=== PROMPT ===
Each line below should be repeated exactly, but no picture should be carried over.

=== INFORMATION PROVIDED ===

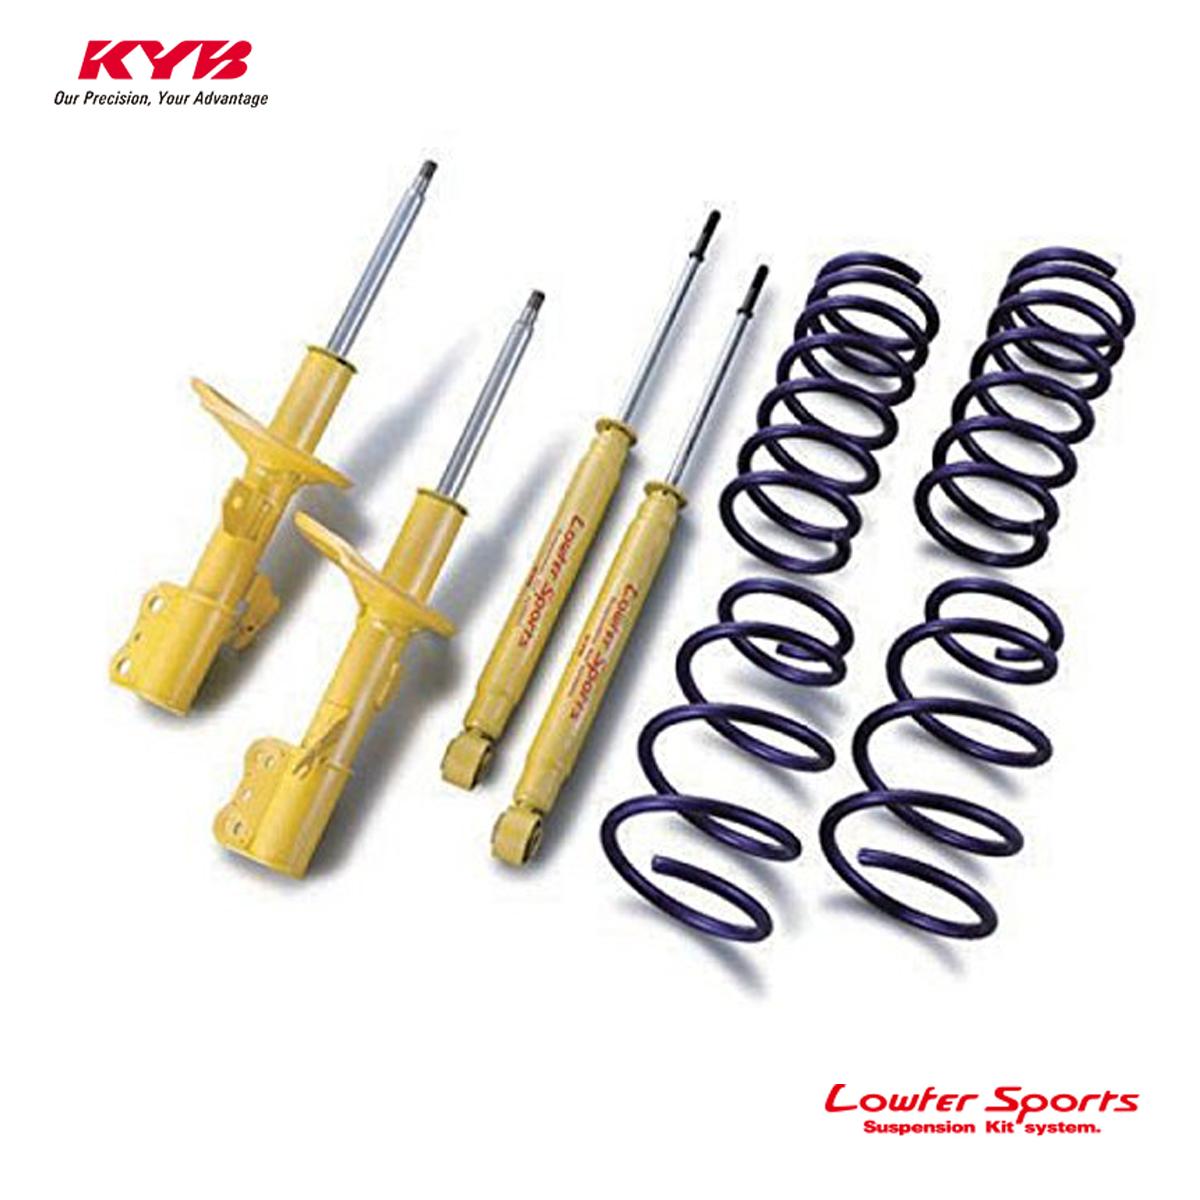 KYB カヤバ ランサーセディアワゴン CS5W ショックアブソーバー サスペンションキット Lowfer Sports LKIT-CS5W 配送先条件有り
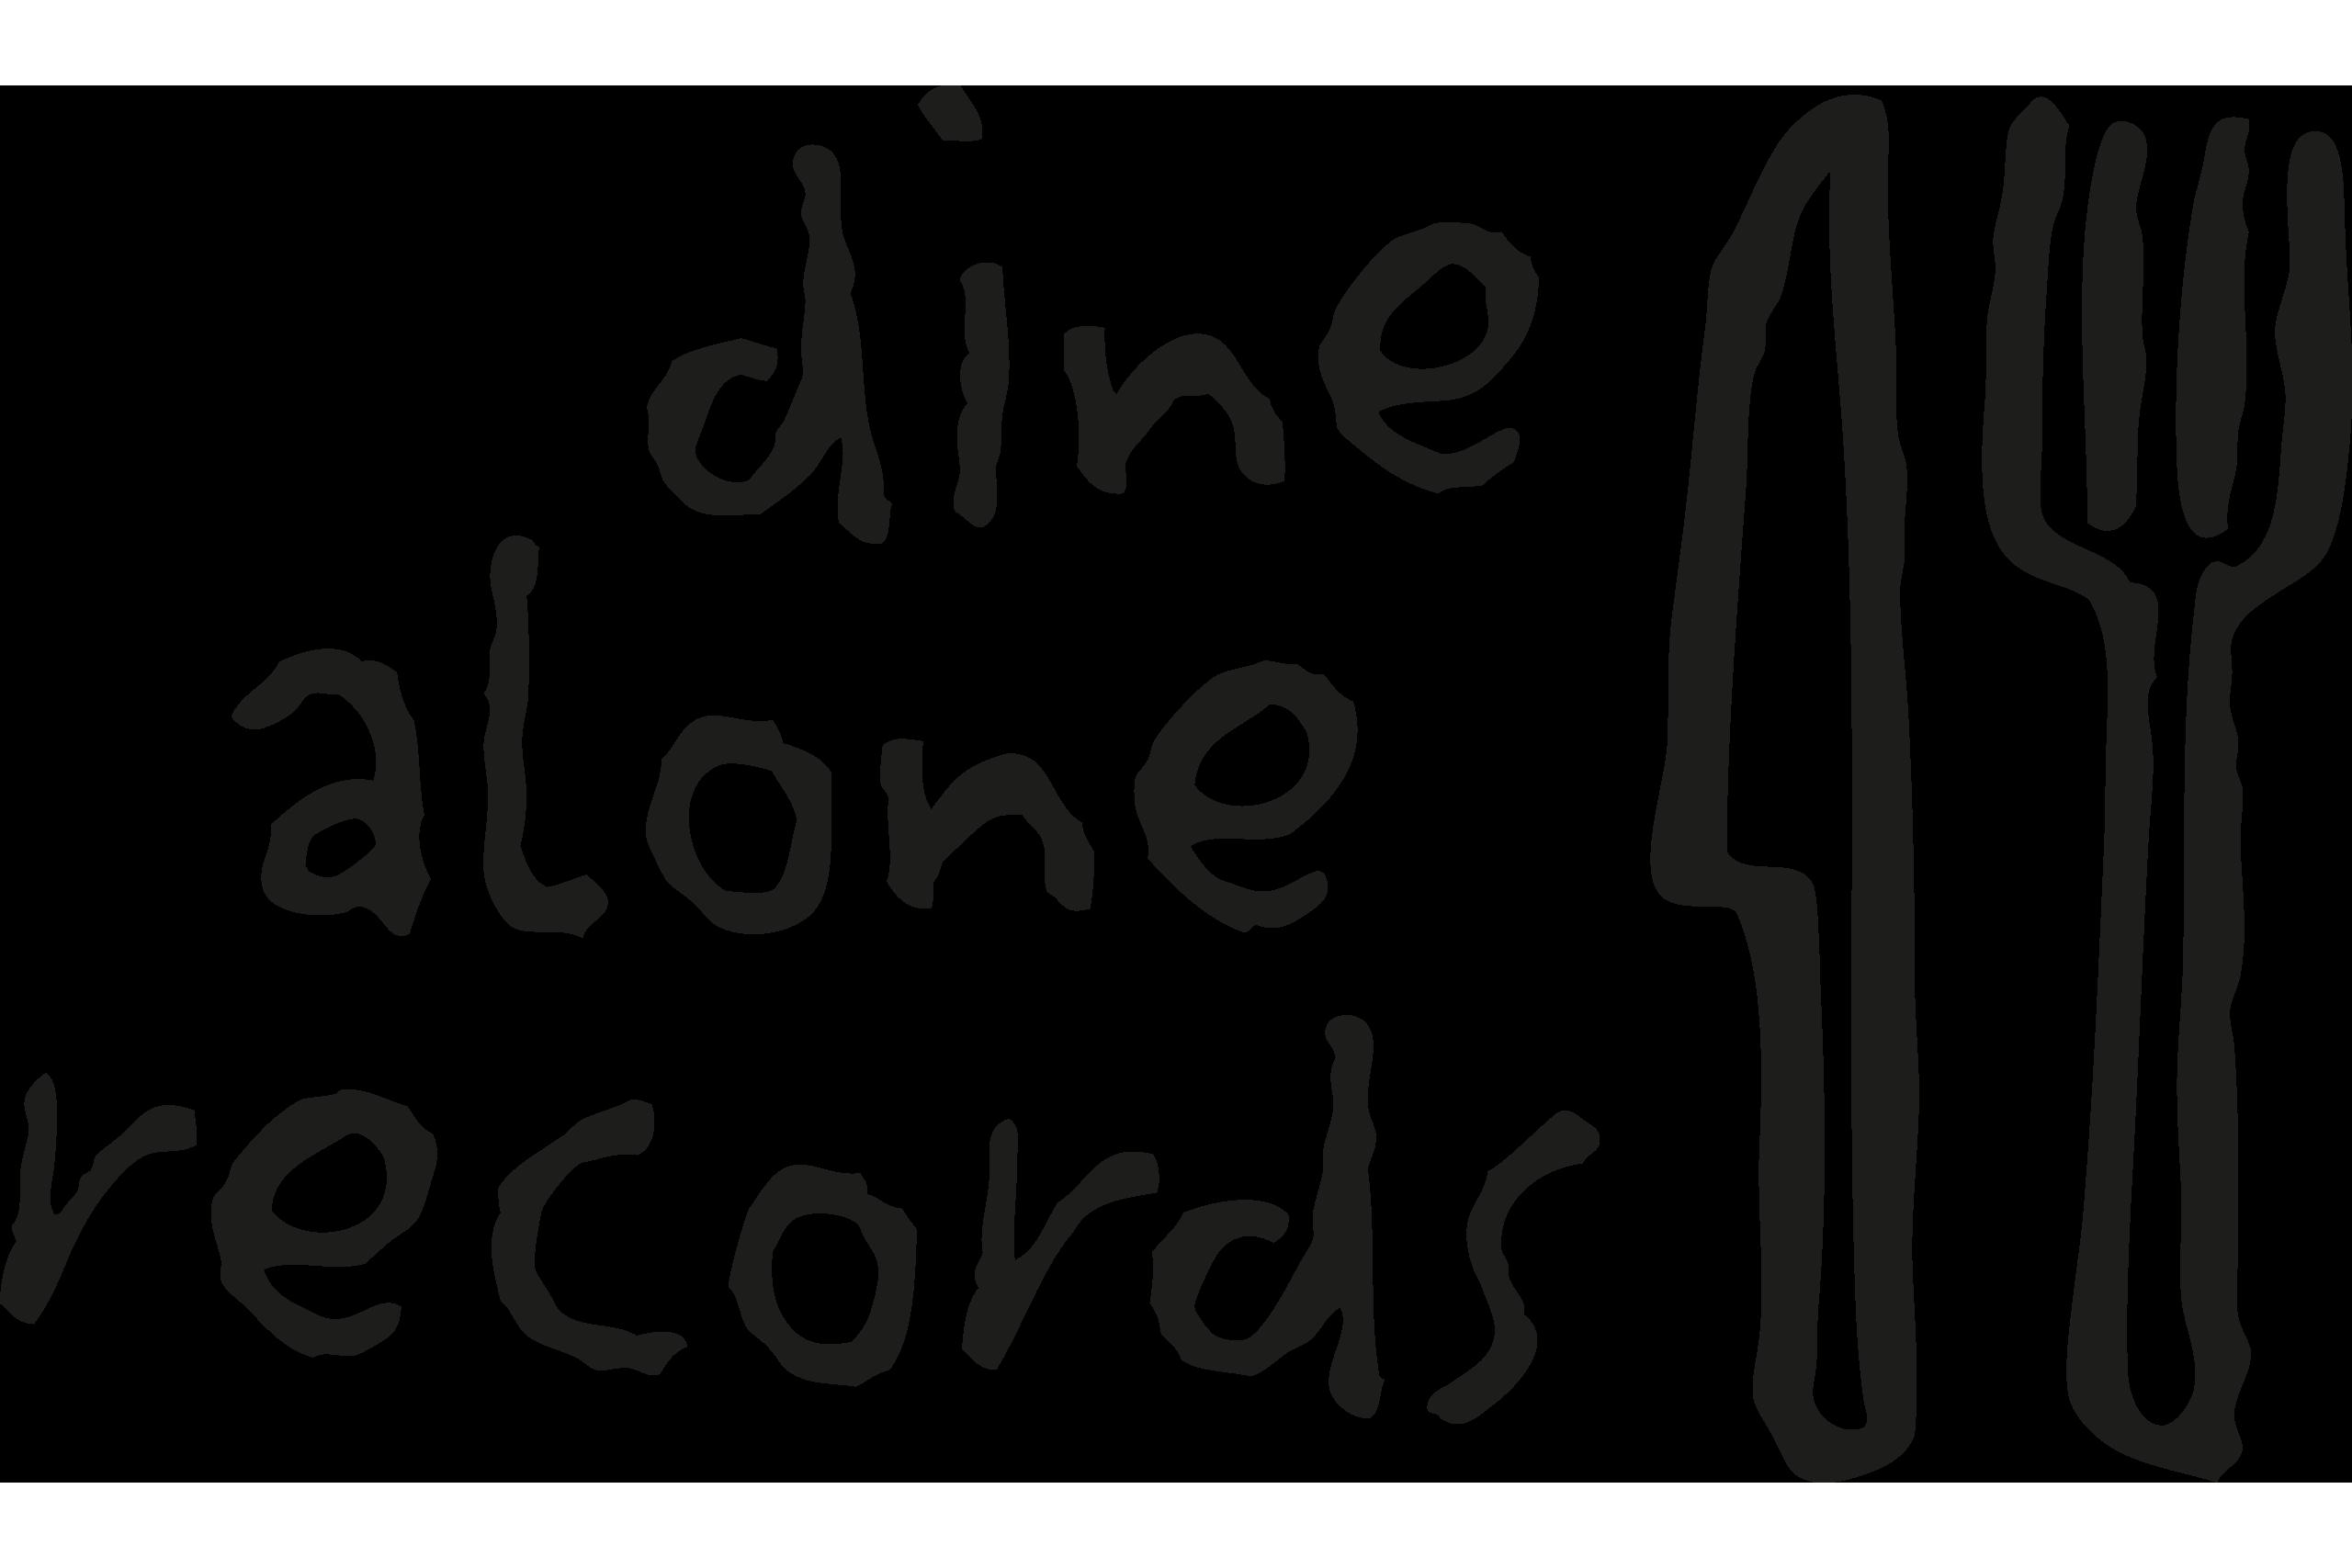 DINEALONE-LOGO
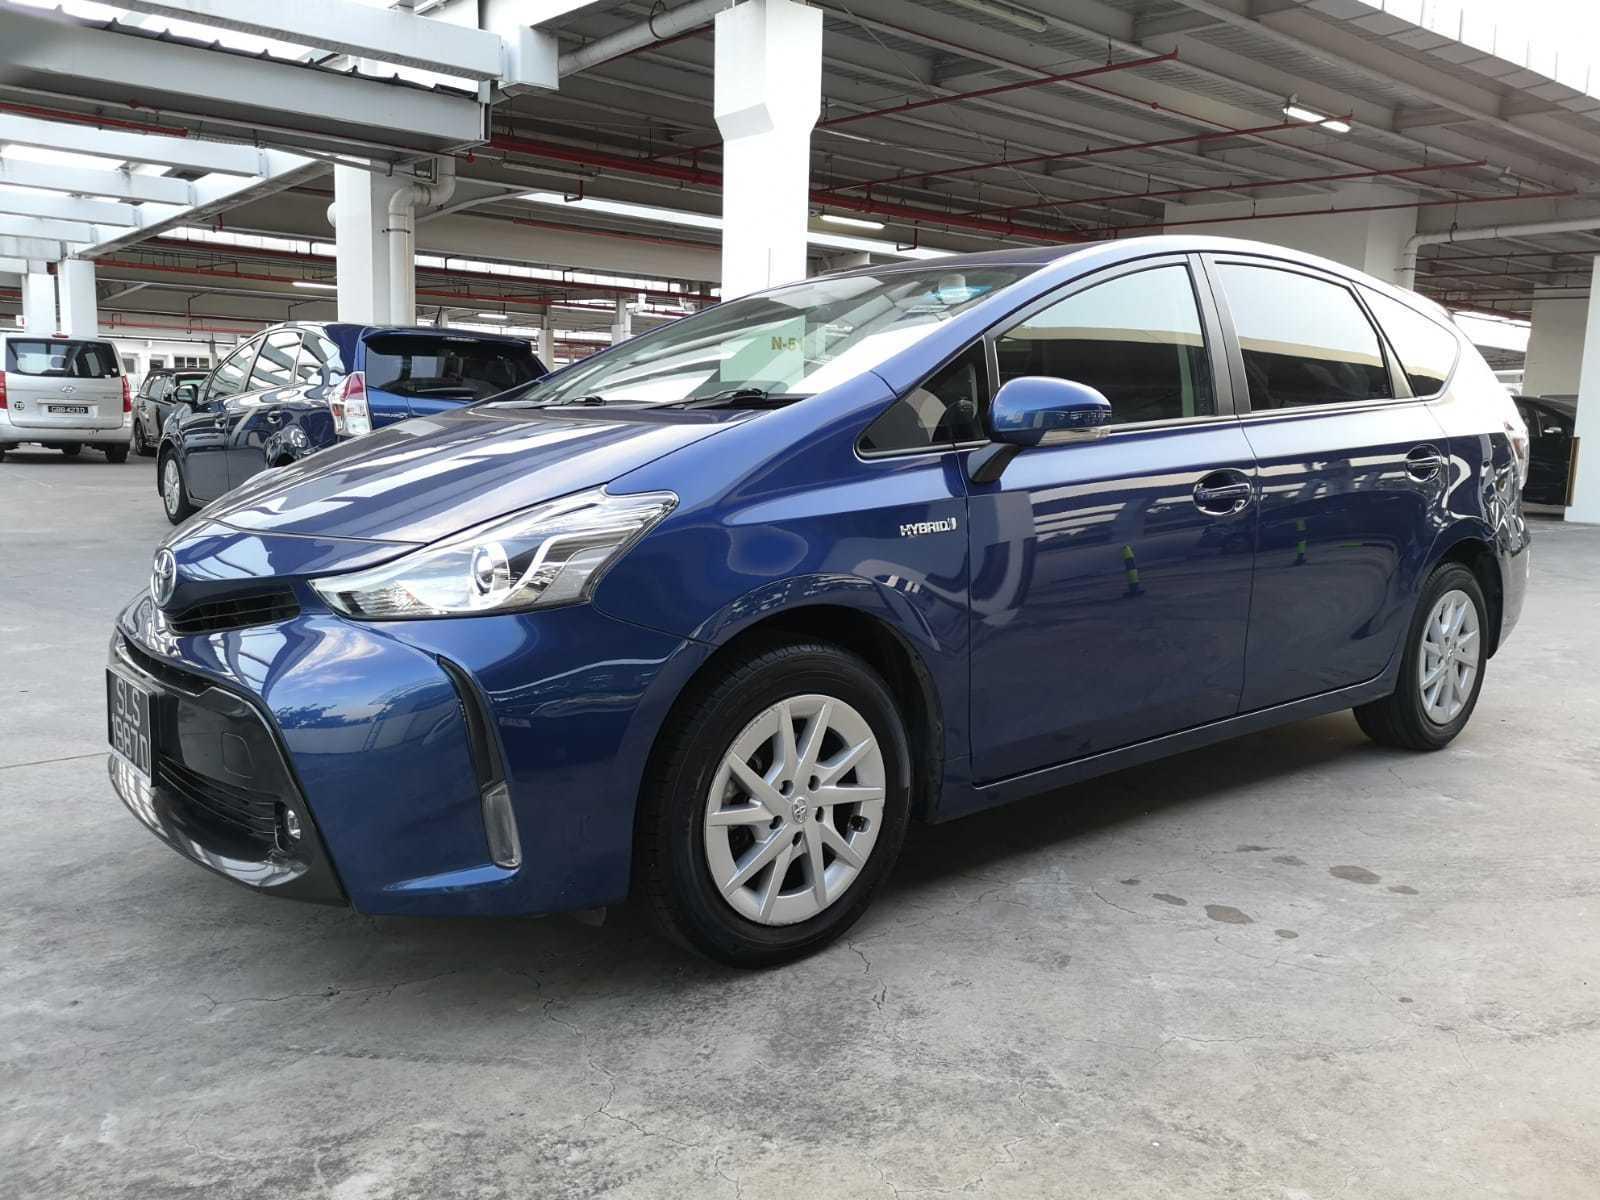 TOYOTA PRIUS ALPHA HYBRID 1.8S CVT, Cars, Vehicle Rentals ...

=== EXERCISE ANSWER ===
 KYB カヤバ ランサーセディアワゴン CS5W ショックアブソーバー サスペンションキット Lowfer Sports LKIT-CS5W 配送先条件有り
 DINEALONE-LOGO
 TOYOTA PRIUS ALPHA HYBRID 1.8S CVT, Cars, Vehicle Rentals ...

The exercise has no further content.